Number of samples and guidance scales for reported results on imagenet 256 using adm???

sunovivid / Perturbed-Attention-Guidance

Official implementation of "Perturbed-Attention Guidance"

MIT License

53 stars 15 forks source link

Number of samples and guidance scales for reported results on imagenet 256 using adm??? #7

Open black0017 opened 1 month ago

black0017 commented 1 month ago

Hey @sunovivid, great work, and congrats on the paper's acceptance at ECCV!

I would like to reproduce the results, and I have the following questions related to the hyperparameters:

How many samples did you use to report FID? The bash script shows 5K, is that right?
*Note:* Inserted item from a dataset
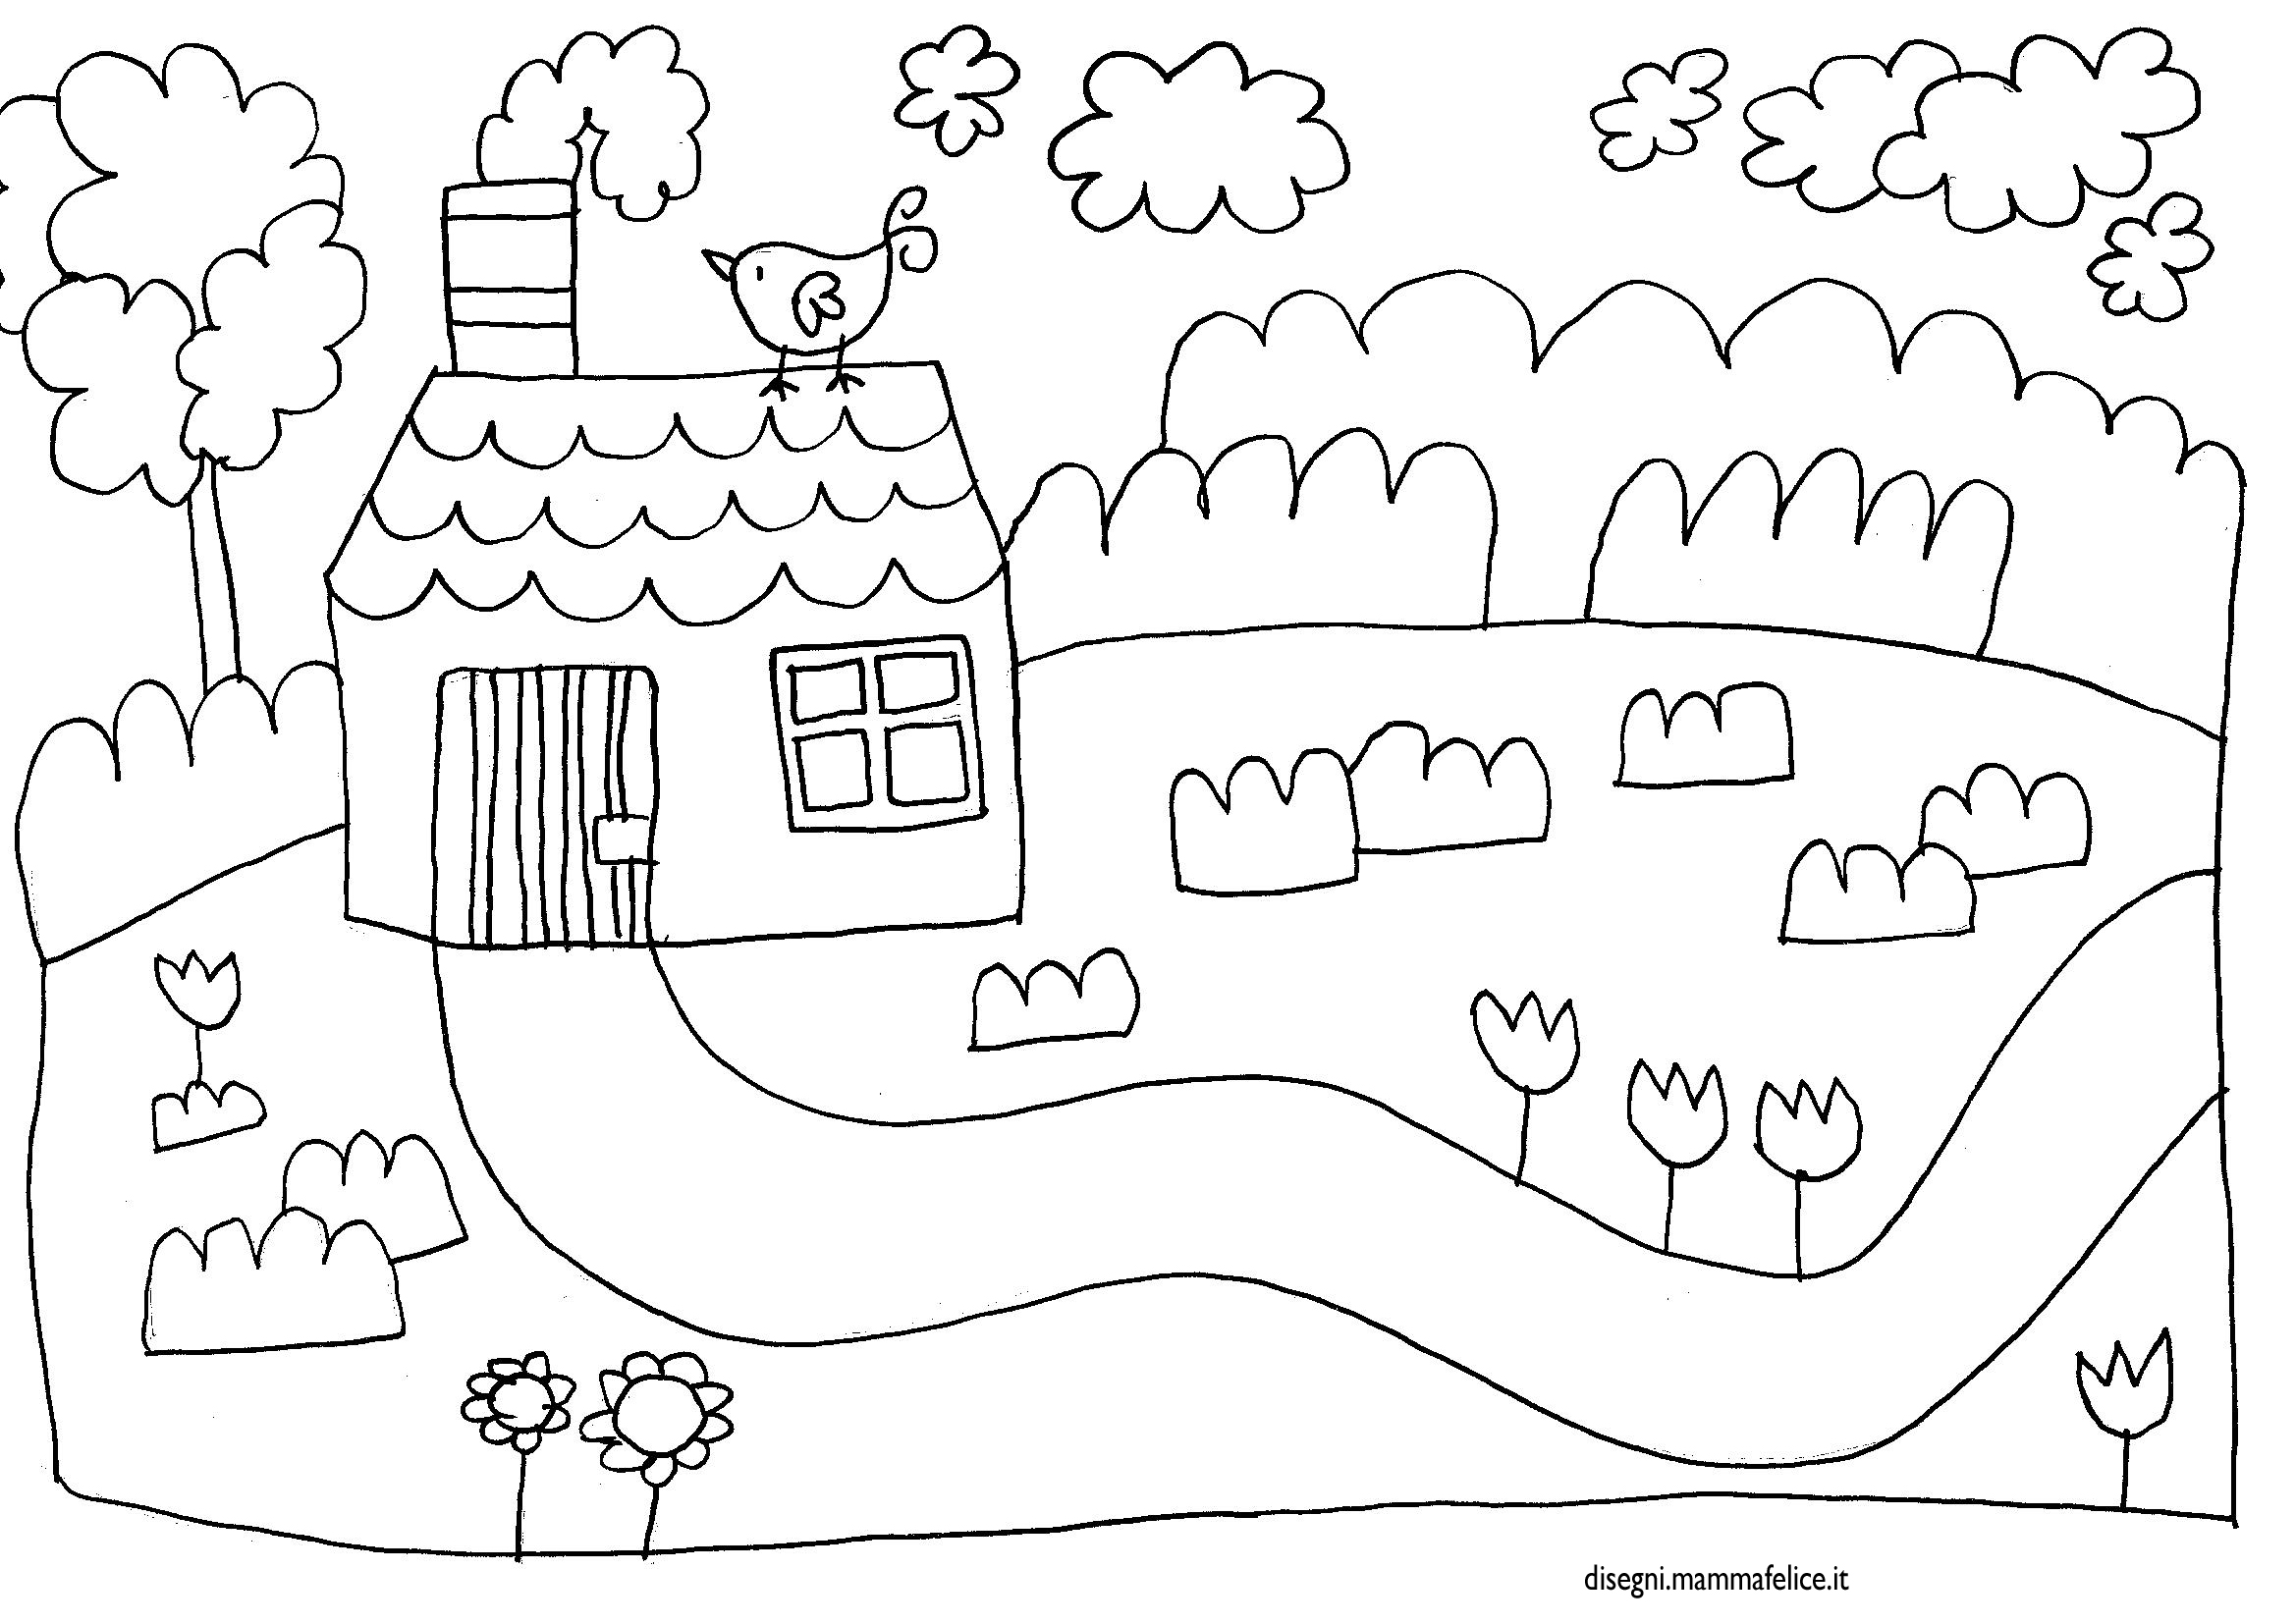 Disegni Paesaggi Da Colorare Per Bambini Fredrotgans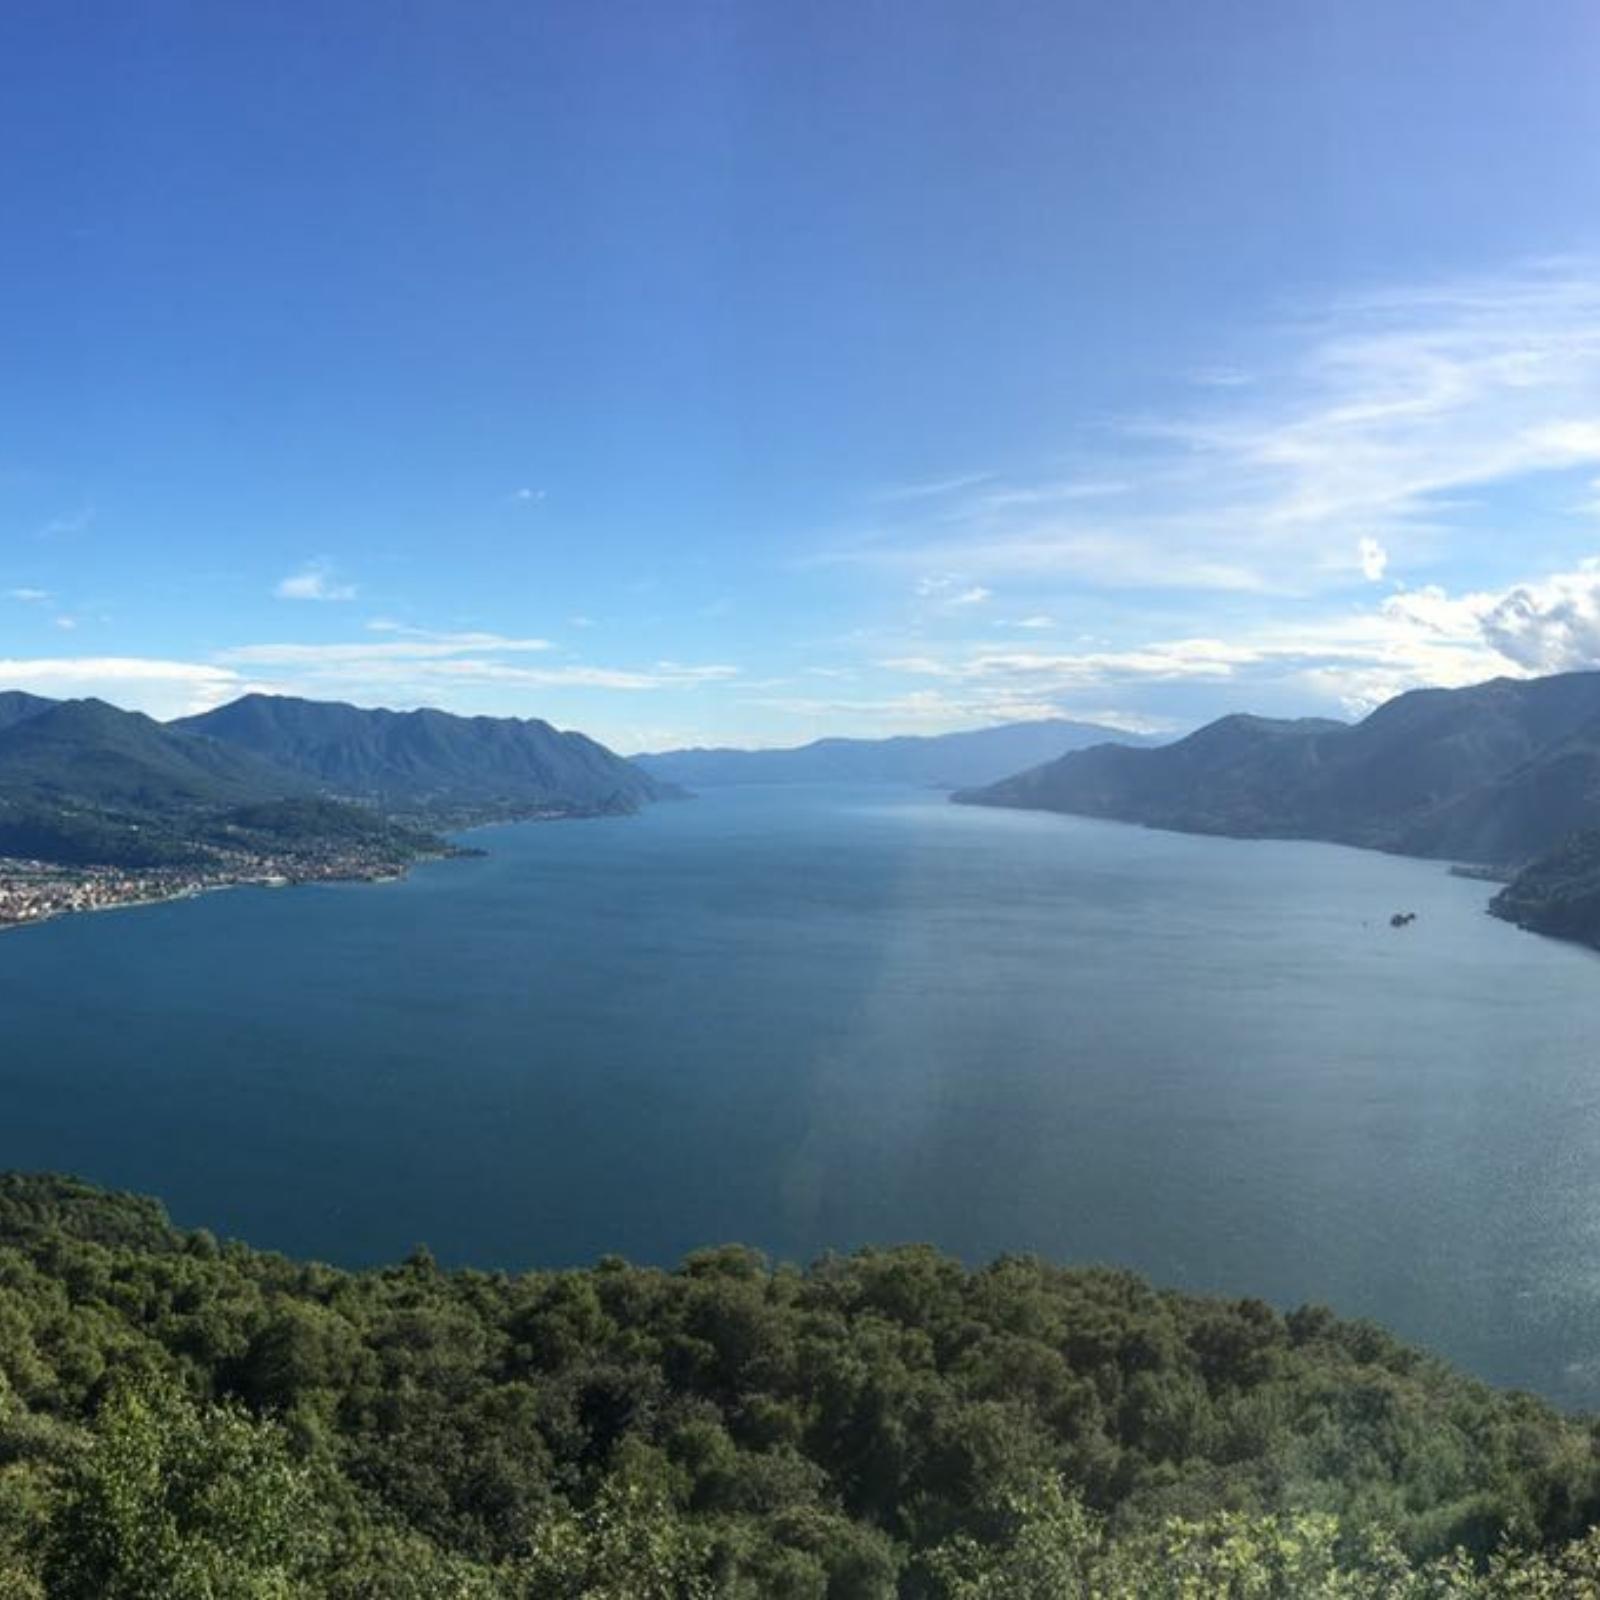 Il mio posto preferito sul Lago Maggiore

What is the guidance scale to get the optimal FID, as shown in the paper's Table 1? Readme shows the following (without classifier guidance here for the conditional ADM case at 256x256):

SAMPLE_FLAGS="--timestep_respacing 250 --use_ddim False --classifier_guidance False --classifier_scale 0.0  --guide_scale 4   --guidance_strategies "{\"attention_mask_identity\":[250,0]}"   --drop_layers input_blocks.14.1 input_blocks.16.1 input_blocks.17.1 middle_block.1 "

Can I apply the same code for the ImageNet 128x128 models and resolution, or do I need to specify other attention maps?

It would be extremely helpful as sampling is super slow with ADM. Thanks a lot!!!!

sunovivid commented 1 month ago

Hi! Thank you for your interest in our work.

We used 50K samples as suggested in 5.2 Pixel-Level Diffusion Models.
We also leave the detailed hyperparameter settings, like guidance scale, in Appendix A.1 Experiments on ADM Quantitative results.. We use PAG scale s = 1.0 (in our formulation, guidance scale starts from 0.0), which corresponds to CFG scale 2.0 used in diffusers SD or SDXL (starts from 1.0).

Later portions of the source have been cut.